DATA BELOW
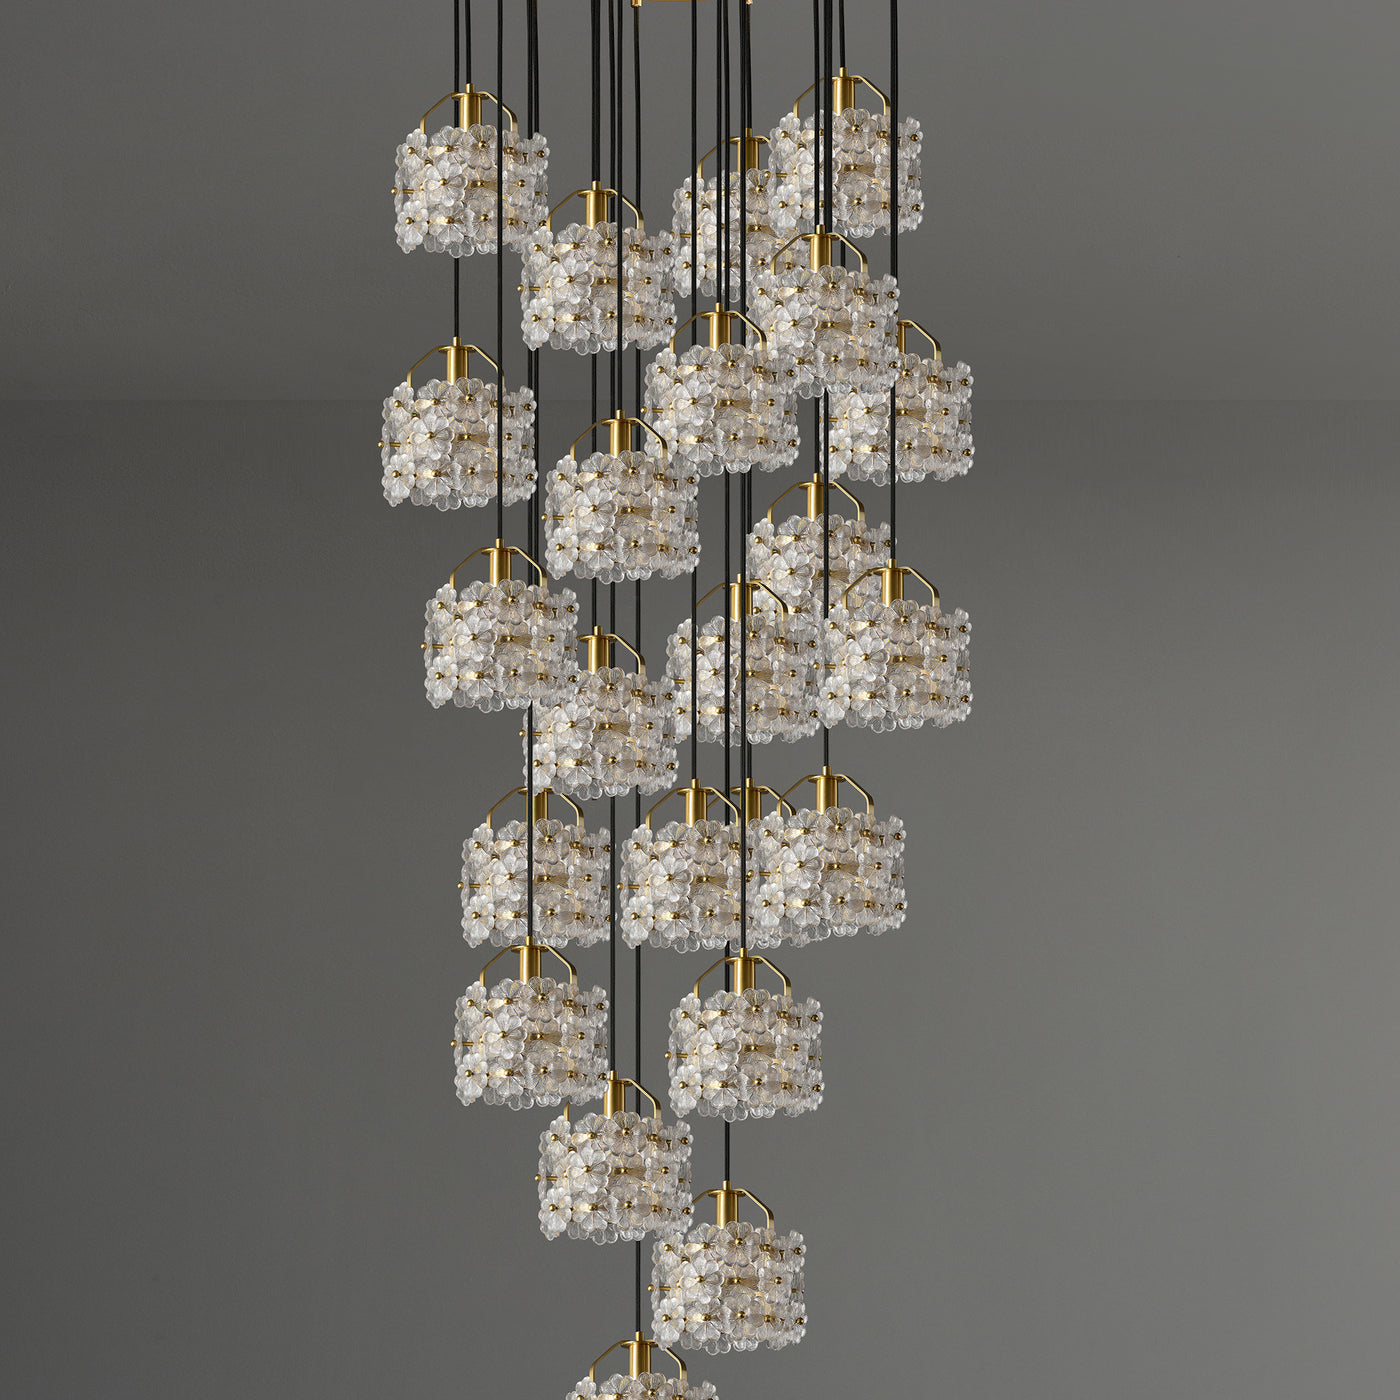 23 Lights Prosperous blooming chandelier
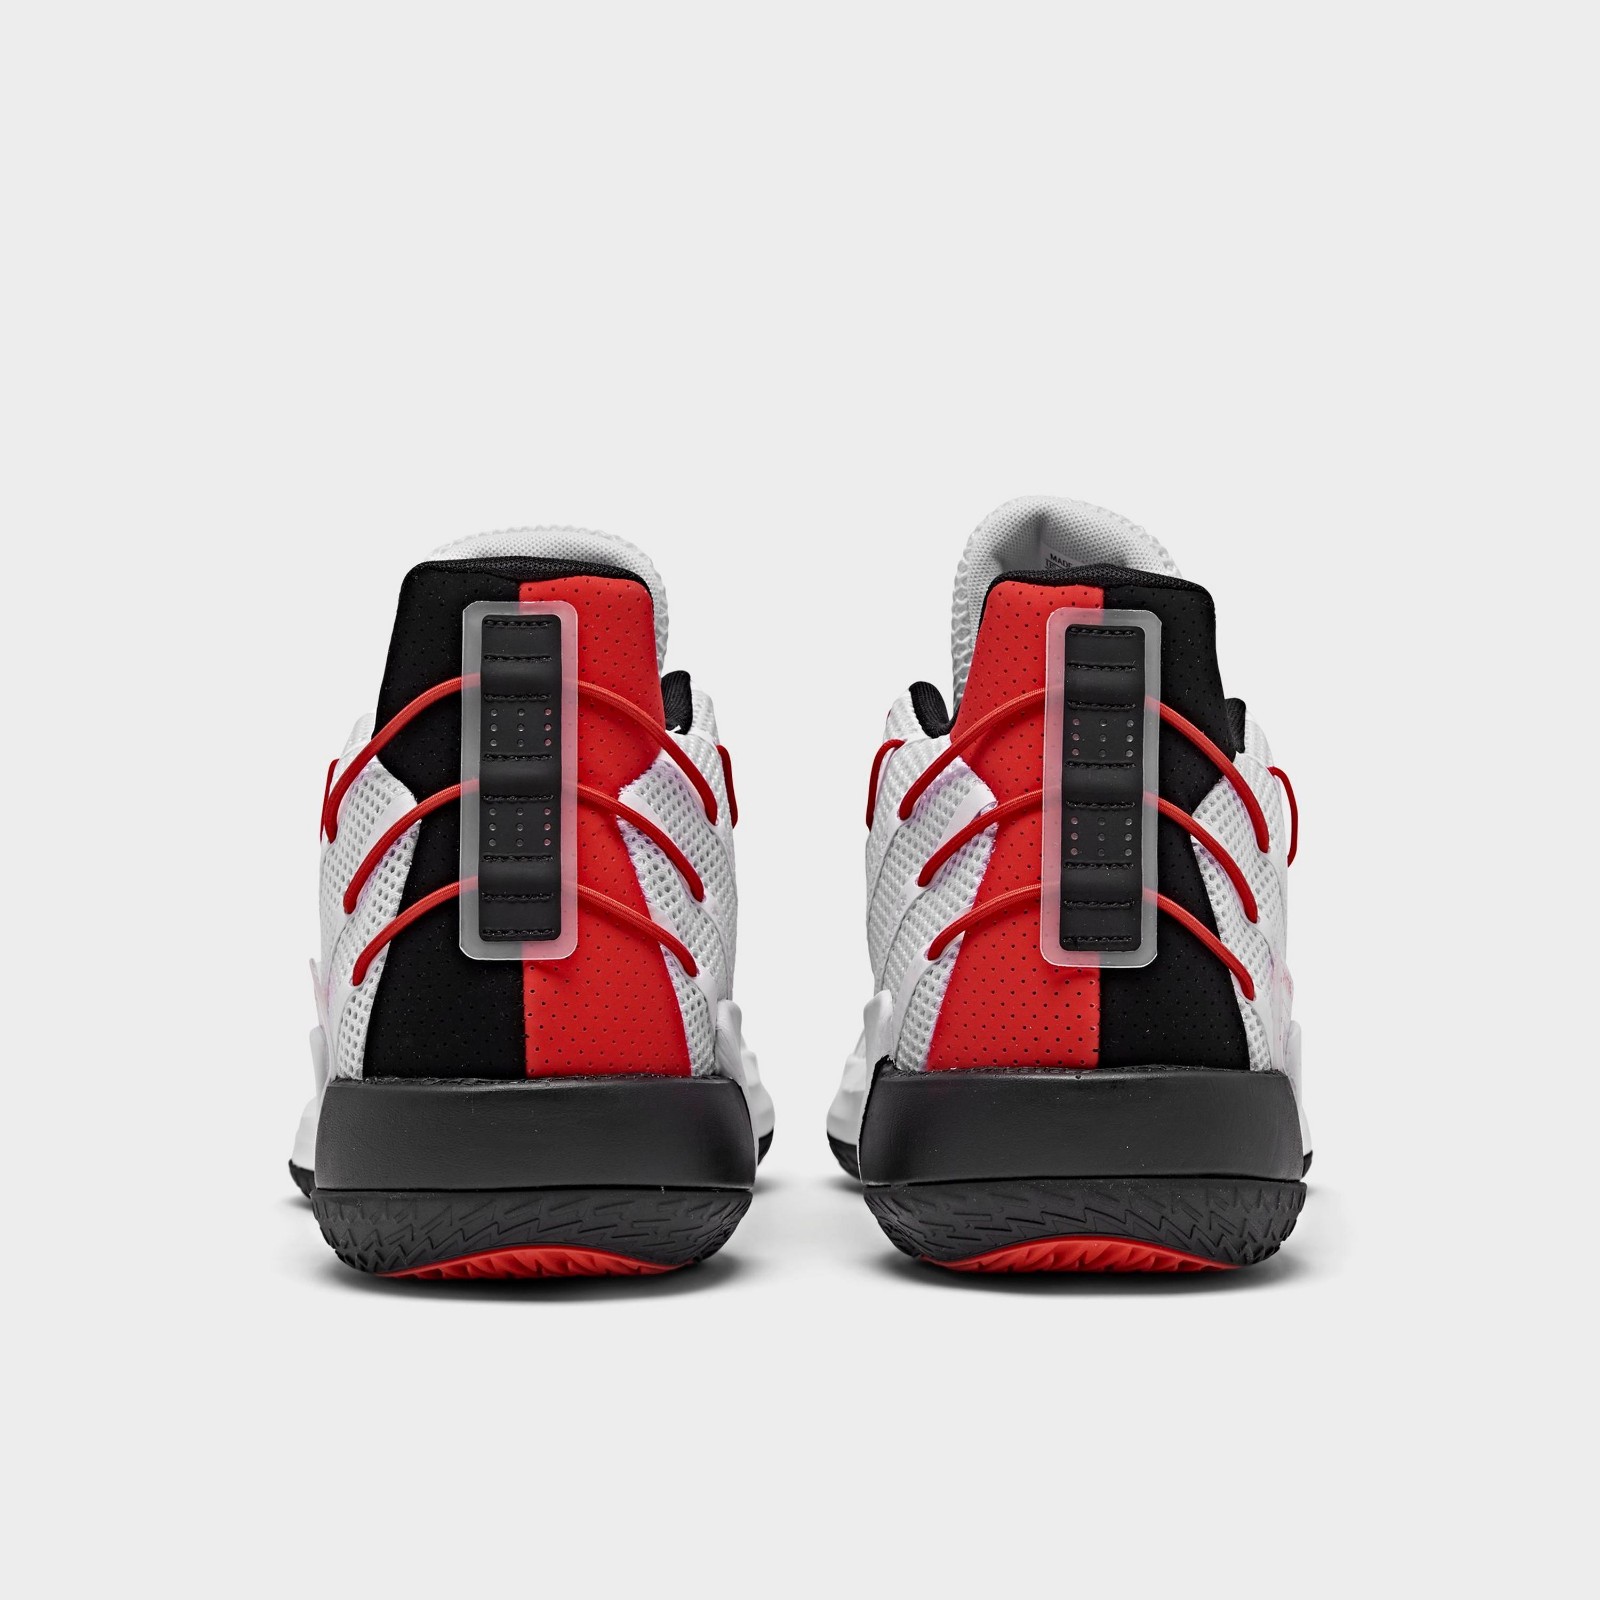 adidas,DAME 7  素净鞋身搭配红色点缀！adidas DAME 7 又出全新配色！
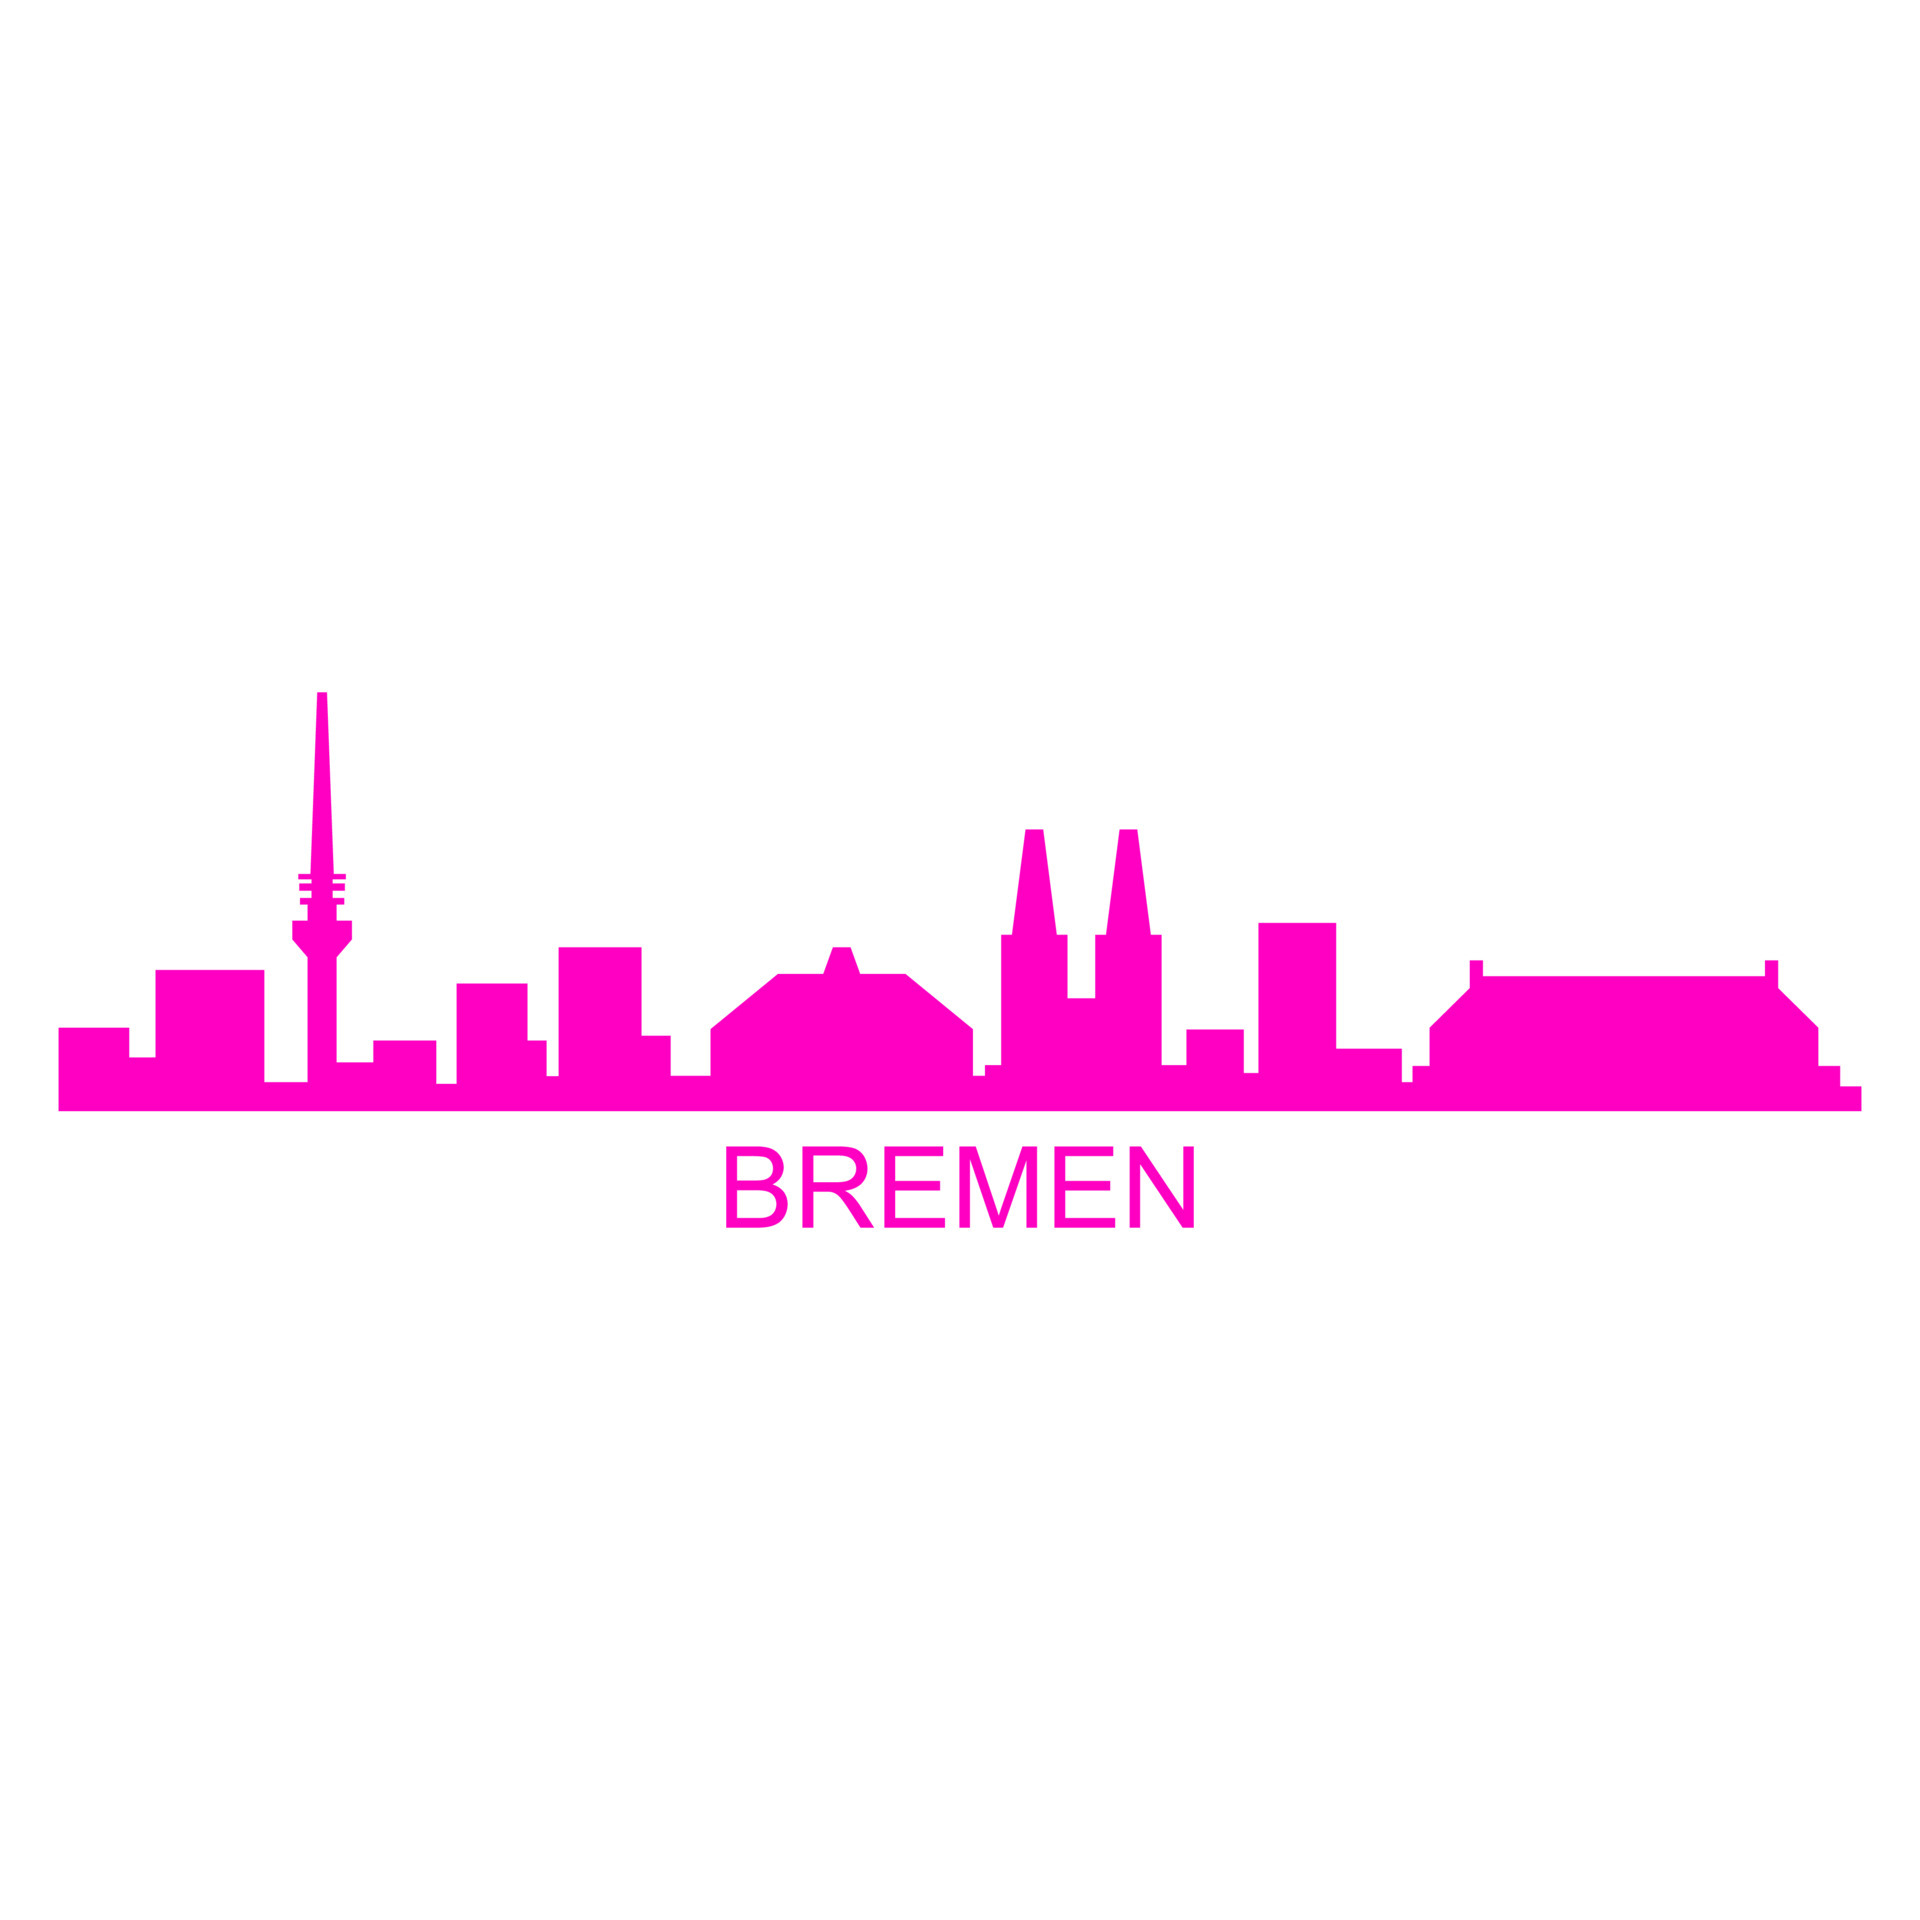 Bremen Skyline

TASK ITEM
The output should be the lines from the one with "DAME 7 又出全新配色！" through the end of the material above, both ends included, printed exactly and nothing else. Drop the pictures.

TASK SOLUTION
 adidas,DAME 7  素净鞋身搭配红色点缀！adidas DAME 7 又出全新配色！
 Bremen Skyline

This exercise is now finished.